One of the world’s major music institutions is the Tchaikovsky National Music Academy of Ukraine, also known as the Kiev Conservatory. This prestigious music school was founded by Tchaikovsky himself and led by Rachmaninov and Glazunov.
I look forward to
presenting a paper soon (via videoconference) for an international conference
hosted by the World Music History Department of the Kiev Conservatory: Music
Culture of China: Forms, Traditions, Practices, which will take
place at the end of March. My paper title is “Research on Chinese Traditional
Instrument Teachers at Prominent Conservatories in Europe and China.”
Here is a link for the
conference program:
https://issuu.com/nataliyamuromets/docs/ua-chinafest-2021
The Kiev Conservatory
is home to a pioneering Music Confucius Classroom, for which my paper seems especially
relevant. Here are a few links about Confucius Music Classrooms …
https://usa.chinadaily.com.cn/a/201906/11/WS5cff7baea31017657723095a.html
https://www.eurasiainfo.ch/en/caring-chinese-teacher-cheers-up-ukrainians-amid-covid-19/
Many years ago, I lived
in Moscow, working as a Lecturer for Moscow
State University while performing free improvisation with members of the Pan-Asian Ensemble affiliated
with the other Tchaikovsky conservatory (Moscow Conservatory), and
now I serve on the Editorial Board of the Eurasian Music
Science Journal. It will be exciting to reconnect with colleagues in the fascinating
field of Eurasian musicology via this conference in Kiev.
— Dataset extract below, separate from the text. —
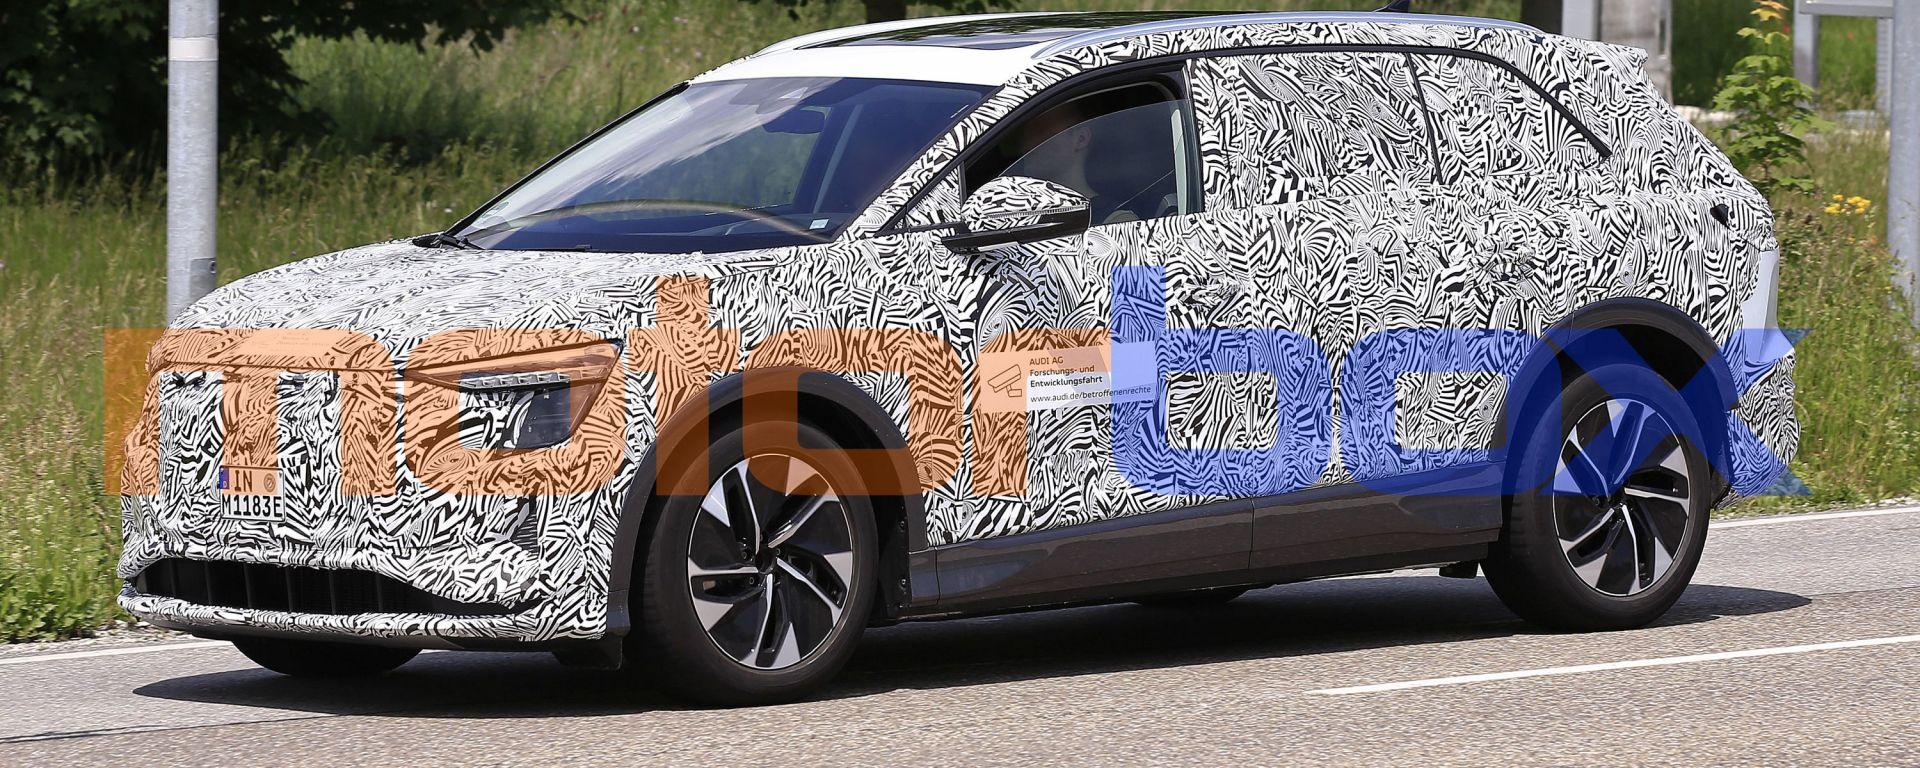 Audi Concept Shanghai: le prime immagini del SUV nuovo elettrico

Below are videos based on excerpts from the Pan-Asian Ensemble's free improvisation sessions recorded in Moscow at the conservatory. This experimental music still has an unusually mysterious sound even several years after it was created.
Each of the tracks here are interesting for different reasons. On the first, I play muted trumpet in some uncannily improvised gestures and harmonies in sync with two Russian shakuhachi players. In the second, I add lyrical trumpet lines after about one minute into the final track.